コラム 「運動量」と「エネルギー」は兄弟?その2
上で、エネルギーと仕事の関係と、運動量と力積の関係を見ました。確かに似ていますが、これだけでは兄弟とは言えないかもしれません。
しかし、実は、これらは生まれもとても似ているのです。
突然ですが、我々は4次元の中に住んでいます。空間3次元と時間1次元です。
改めて仕事$W=\overrightarrow{F} x$と力積$\overrightarrow{I}=\overrightarrow{F}\times \Delta t$をながめてみましょう。どちらも力$\overrightarrow{F}$から生まれています。
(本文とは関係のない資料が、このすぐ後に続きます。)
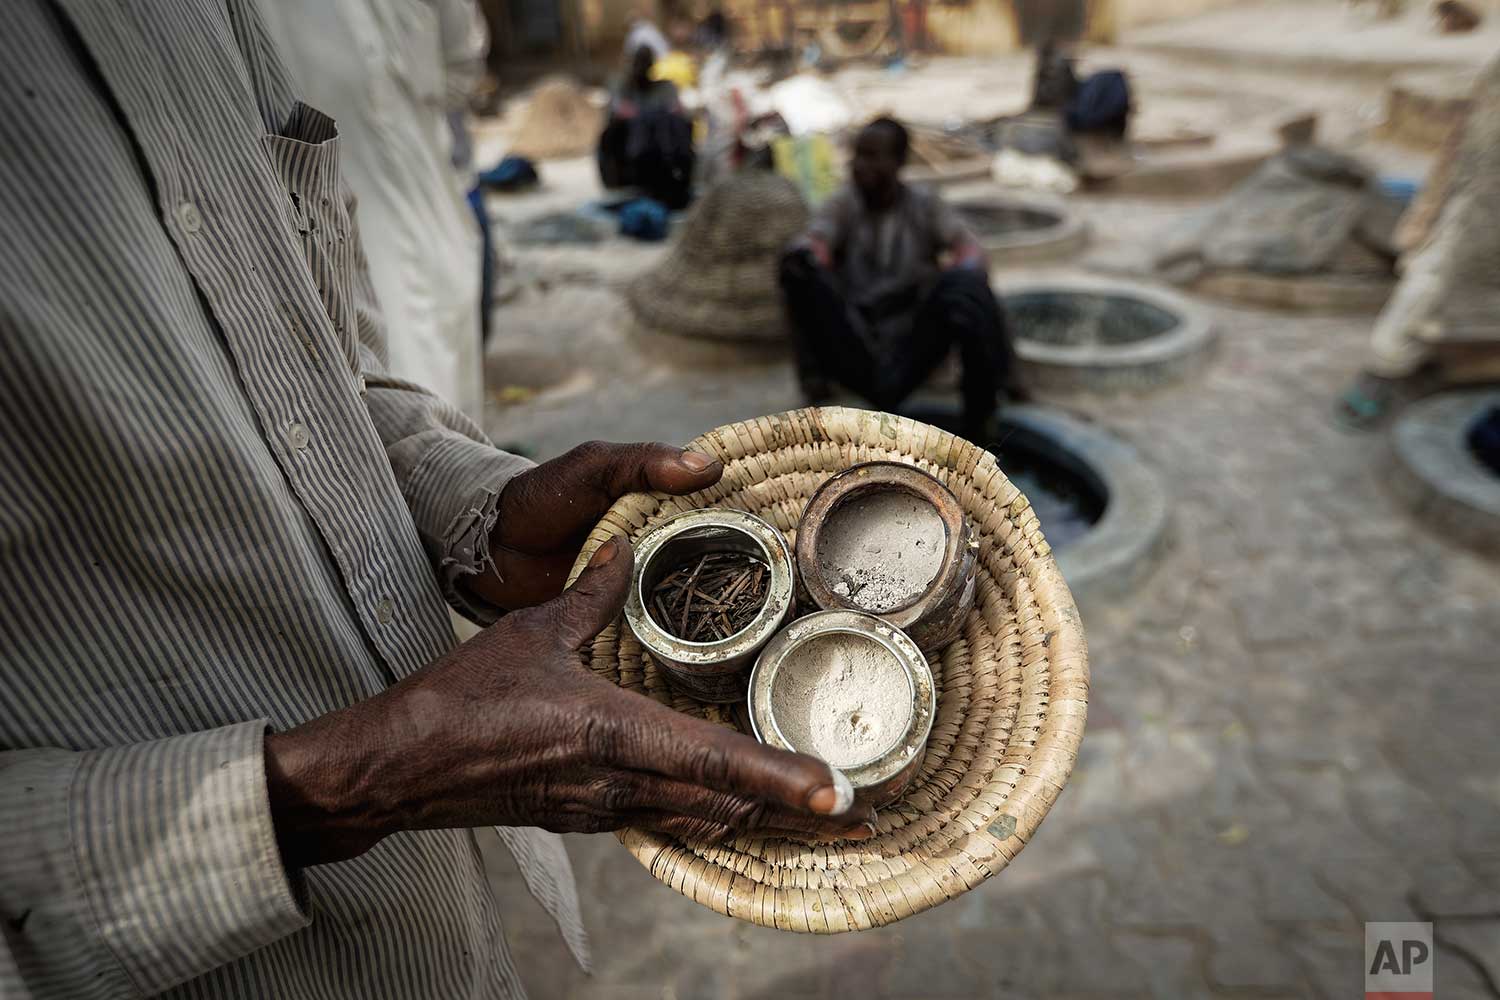  In this photo taken Tuesday, Feb. 19, 2019, a craftsman carries some of the ingredients used to make indigo dye, at the ancient dye pits of Kofar Mata in Kano, northern Nigeria. (AP Photo/Ben Curtis)

そしてその力$\overrightarrow{F}$に対して、仕事は空間$\overrightarrow{x}$を掛けており、力積は時間$\Delta t$を掛けているのです(積分という言葉が苦でなければ、仕事は空間で積分しており、力積は時間で積分しているということができます)。
我々が住む4次元のうち、空間を掛けるか(空間で積分するか)、時間を掛けるか(時間で積分するか)という差なのです。いかがでしょうか。兄弟に見えてくるのではないでしょうか。
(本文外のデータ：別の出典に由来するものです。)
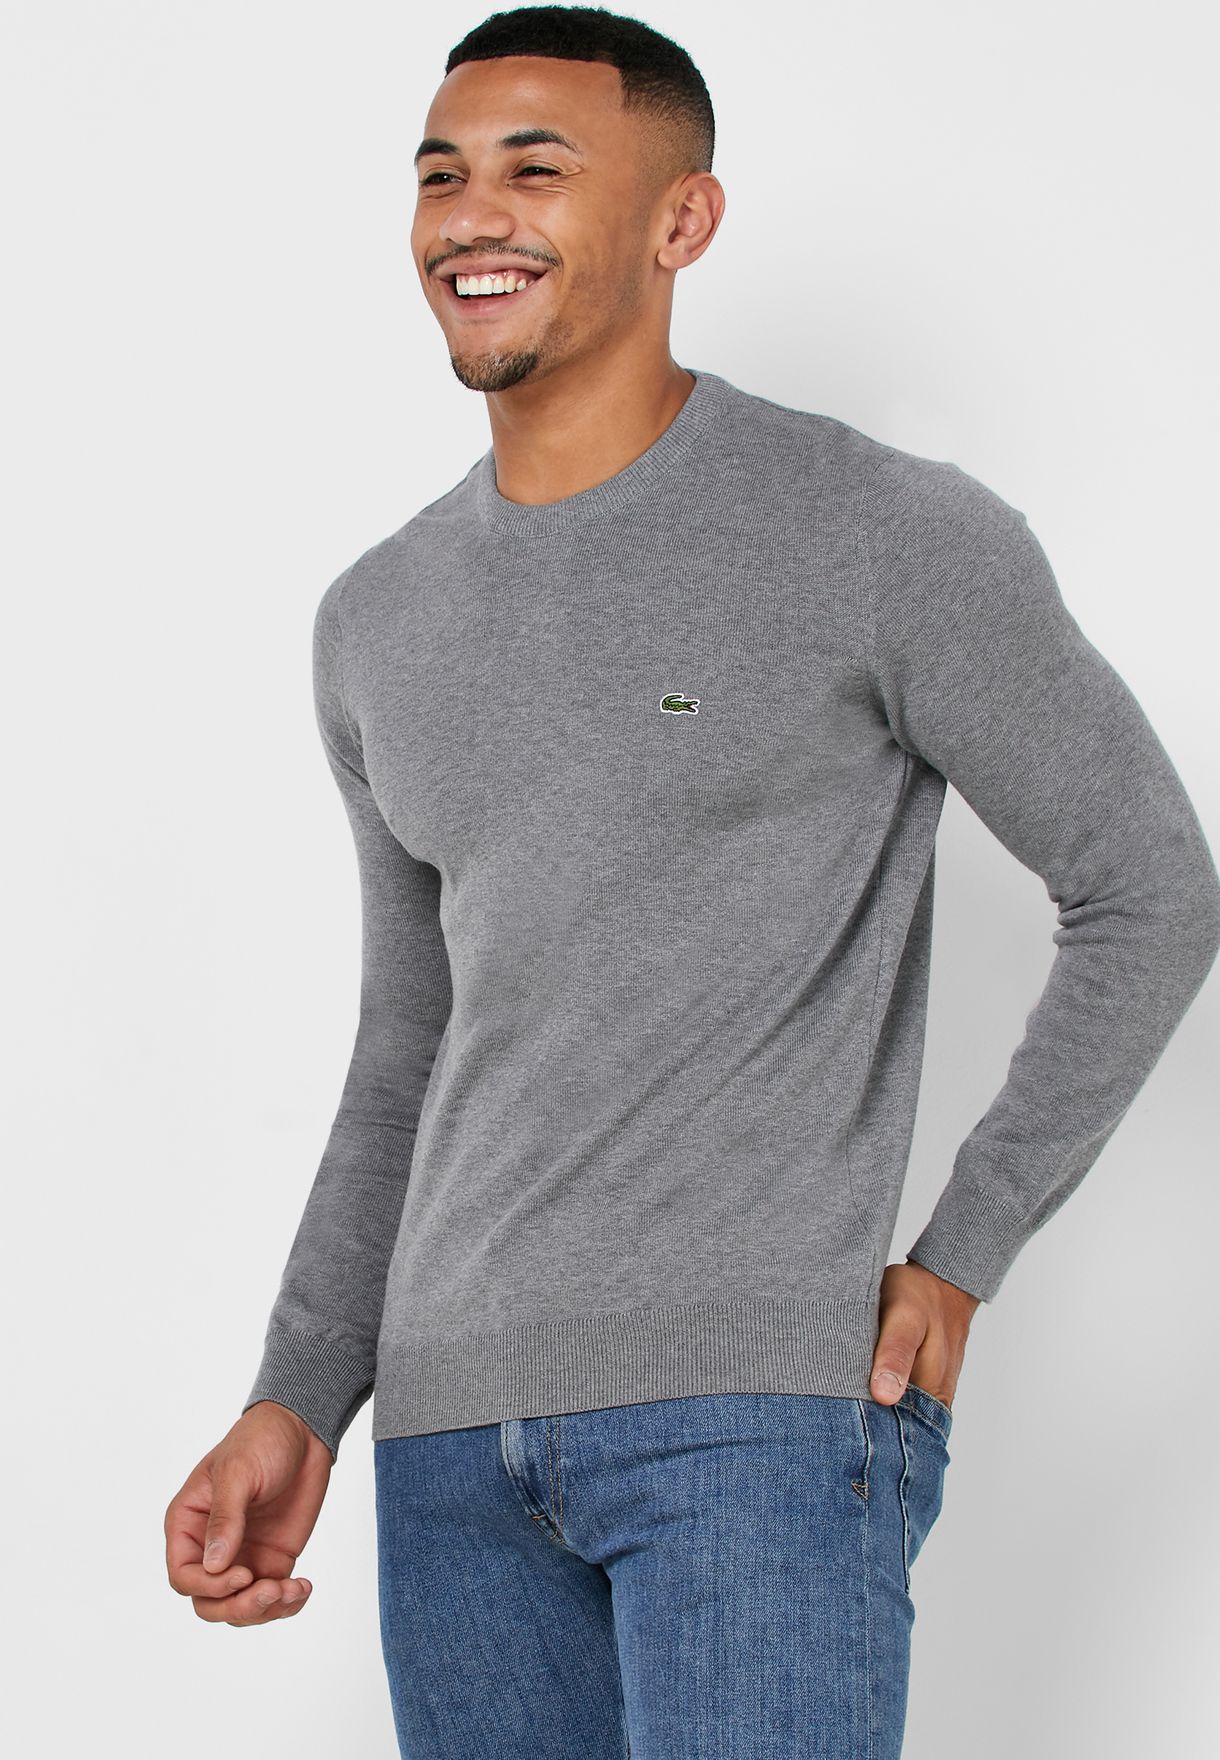 Buy Lacoste grey Croc Logo Sweater for

蛇足ながら、仕事はベクトルとベクトルを掛け算してスカラーになっています。一方で力積はベクトルとスカラーを掛け算してベクトルになっています。それゆえ、仕事やエネルギーはスカラー、一方、力積や運動量はベクトルになるのです。
この兄弟の一番の大きな違いはスカラー、ベクトルの違いだと思います。意識しておいてください。
運動量保存則 目次
2.2.「物体の運動量の変化は、物体が受けた力積に等しい」とはどういうこと?
コラム 「運動量」と「エネルギー」は兄弟?その2(⇐今ここ!)
3.1.運動量保存則はなぜ成り立つのか?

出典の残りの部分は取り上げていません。